Have you ever needed to remove the time part of a date variable, or remove the date part of a date variable? I recently had a requirement to do this, and my first reaction was to use the format function because it is very flexible and quite simple to use. Unfortunately, it does’t perform very well.

First, the format method for removing the time part.

Debug.Print Format(Now, "Short Date")

Debug.Print Format(Now, "Short Time")

Seems simple enough to remove the date and/or time portion of a date variable, but is it the best way? If you only want to display it, it probably is, but if you need to use the values for calculations, it is not the best way to remove the date or time portions.

Instead, you can use the Int function.

The Int function performs a simple truncate on a number. Note: this does not do rounding. Also significant is that Int will return whatever data is sent to it. If the parameter is a double, int will return a double. If the parameter is a single, Int returns a single, if the parameter is a date, Int returns a date.

Debug.Print Int(Now)

Debug.Print Now - Int(Now)

Surprised to see a number instead of a time? Me too. But… in VB6, when you subtract dates, the resulting data type is a double.

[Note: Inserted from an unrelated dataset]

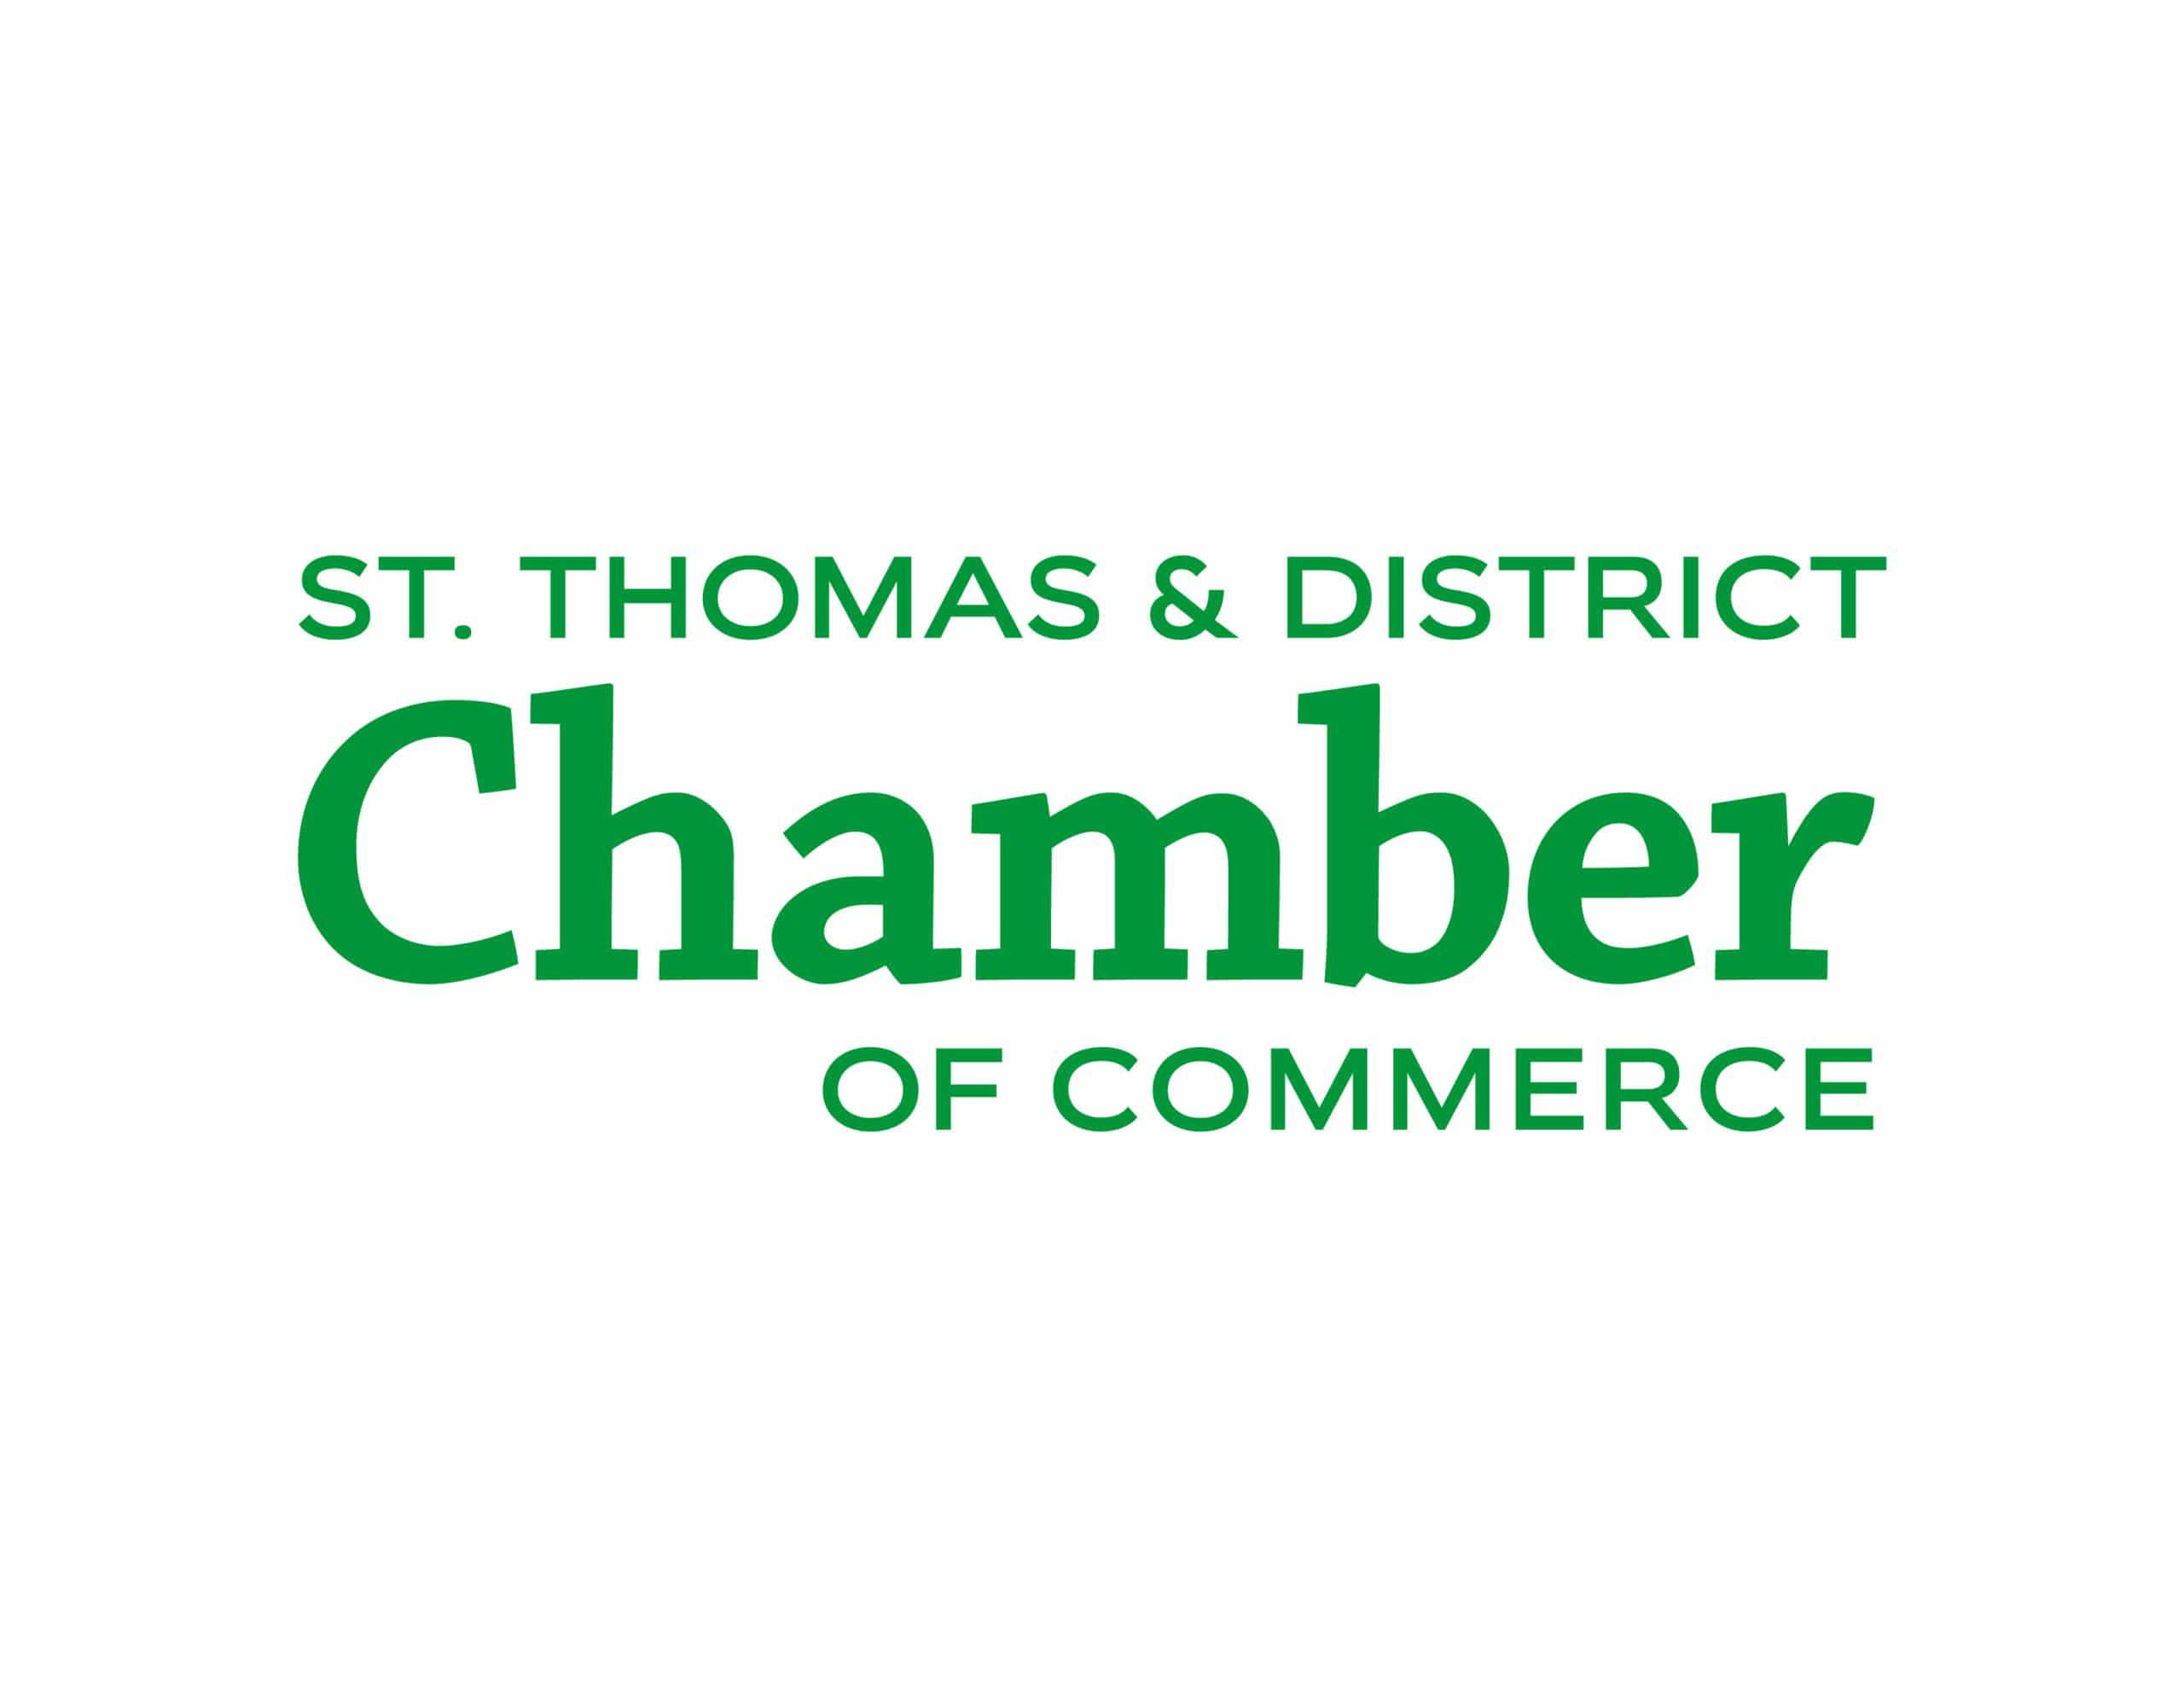 Chamber of Commerce rebrand
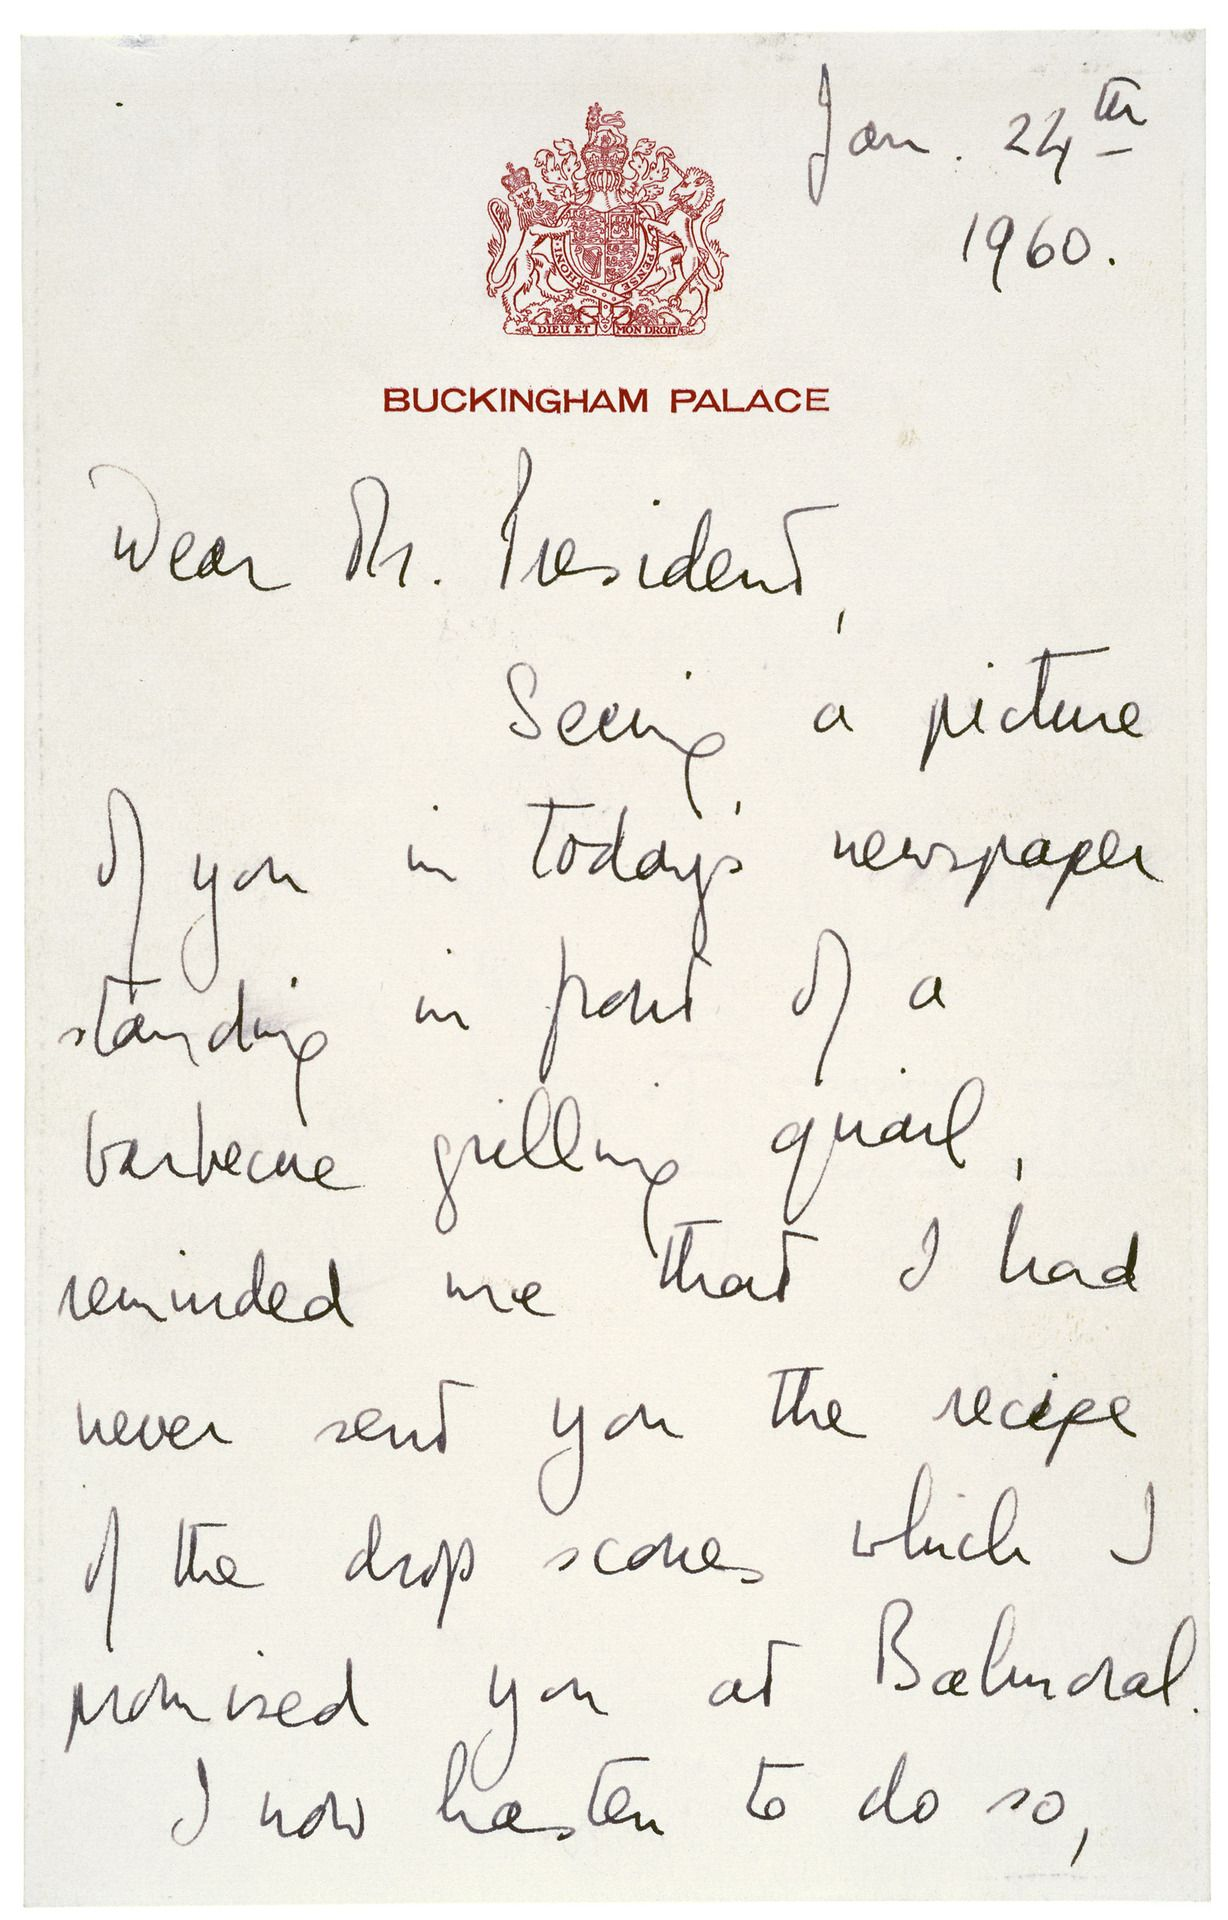 Queen Elizabeth S Letter To President Dwight D Eisenhower

Debug.Print TypeName(Now - Int(Now))

However, this double can be converted back to a Date variable type like this.

Debug.Print cDate(Now - Int(Now))
9:25:40 AM 

Clearly, there are 2 different methods for separating the date from the time in a Date variable. Which is better? They both return the correct value, so now it’s up to performance.

I tested the performance with this code:

Option Explicit

Private Sub Command1_Click()

    Dim i As Long
    Dim dteTemp As Date
    Dim Start As Single
    Start = Timer
    For i = 1 To 1000000
        dteTemp = RemoveDate(Now)
    Call MsgBox(Format(Timer - Start, "0.00") & " micro-seconds")
    Start = Timer
    For i = 1 To 1000000
        dteTemp = RemoveDateWithFormat(Now)
    Call MsgBox(Format(Timer - Start, "0.00") & " micro-seconds")
End Sub

Private Function RemoveDateWithFormat(ByVal DateTime As Date) As Date
    RemoveDateWithFormat = Format(DateTime, "h:mm")

End Function

Private Function RemoveDate(ByVal DateTime As Date) As Date
    RemoveDate = DateTime - Int(DateTime)
End Function

The Int method runs in 0.40 micro-seconds and the Format method takes 3 micro-seconds. The Int method is approximately 7 times faster.